Lesson Two: Set Uncomfortable Goals And Buckle In For The Ride
Set realistic goals, set lofty goals, set SMART goals, set mini-goals; the noise around the word goal is loud and chaotic. And our relationship to goal setting is deeply rooted in our level of comfort with failure.
Perfectly articulated in her book Called Out: Why I Traded Two Dream Jobs for a Life of True Calling, Paula Faris discusses the idea of achievement addition. The idea is that for some of us, from a very young age, achievement becomes our drug of choice. It seems like a positive trait for smart ambitious kids. However, the ramifications of this behavior later in life often means you can self-limit what you choose to do to only things you can excel at.
For me, this need to be fail-proof kept me on only safe paths for years. My journey to becoming an entrepreneur was years in the making and filled with “one step forward, two steps back” moments. However, a few years ago I made a pact with myself to embrace the things that scare me. To set goals so audacious that my inclination was to run the other direction. To rehab from the addiction of achievement and embrace the learning that can only come from failure.
And then a funny thing happened, I didn’t fail nearly as much as feared I would. In fact, when I gave up trying to be perfect, I actually won more than I lost and began to love the experience either way.

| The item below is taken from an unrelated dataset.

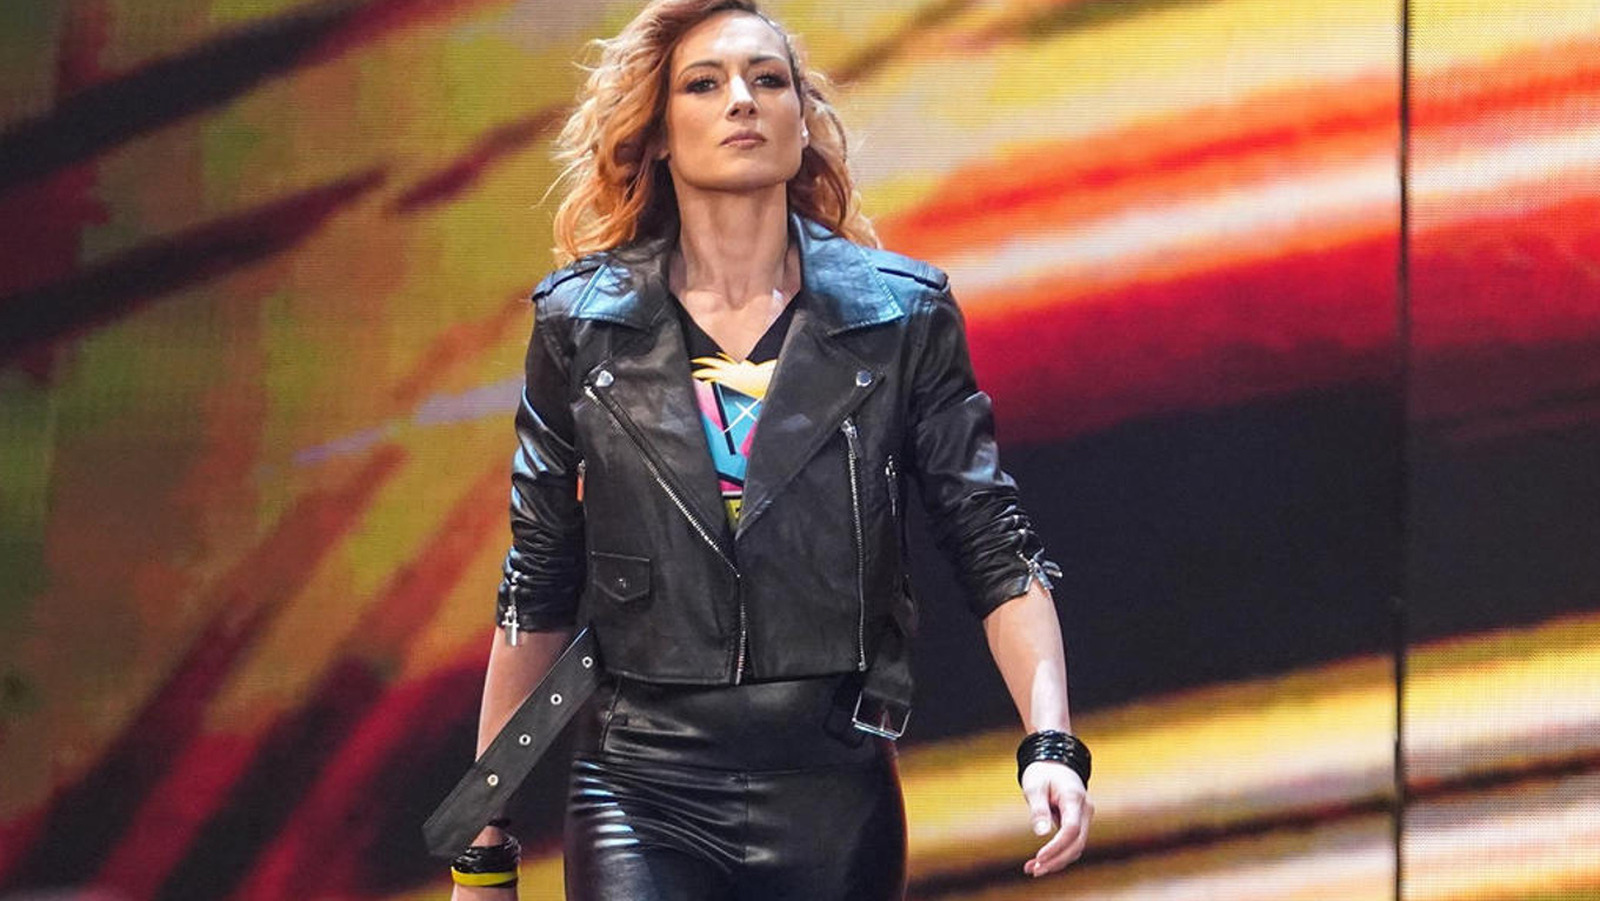 Becky Lynch Clinches WWE NXT Women's Title Over Stratton

This ultra was a definite goal of discomfort. I challenged my body and my mind to go to a place I would have otherwise said was impossible. And in the process, I proved to myself that nothing was really impossible, in life or business. Any challenge that arises in my business can be overcome with patience, industriousness and grit.
Lesson Three: Some Things Are Just For You
It might surprise you to know that on the culmination day of this great journey, I stood all alone reveling in my accomplishment. There were no cheering crowds giving out water and bananas, no DJs blasting hype music, no metals or awards. Not even my husband was available to high five at the finish.
The reason? Despite signing up for an official race, something in my gut compelled me to opt for the virtual race instead. Then spontaneously, a week before my virtual race was set to take place, I turned a 28-mile training run to the full and final race. I was fully aware this would leave me in solitude at the conclusion. And yet, that suited me fine. I was ready and simply didn’t want to wait unnecessarily.
Being an entrepreneur does not mean you always have to go alone. In fact, the addition of my business partner has been one of the greatest amplifiers in my business thus far. Some victories are meant to be yours and yours alone, and you should embrace and relish in those. Allow those victories to keep you elevated when the day-to-day work attempts to pull you down. Allow those victories to be messages of positivity to replace the negativity of doubt.
As I rounded the last corner of the trail, with the end in sight, I felt every sensation possible: from pride and joy to relief and pain. And while I felt every ache in my body, a smile soon became involuntary laughter. I ran for the challenge. I ran for the health benefits. I ran to prove I could. I ran to overcome impossible. I ran for me. I ran to become a better entrepreneur.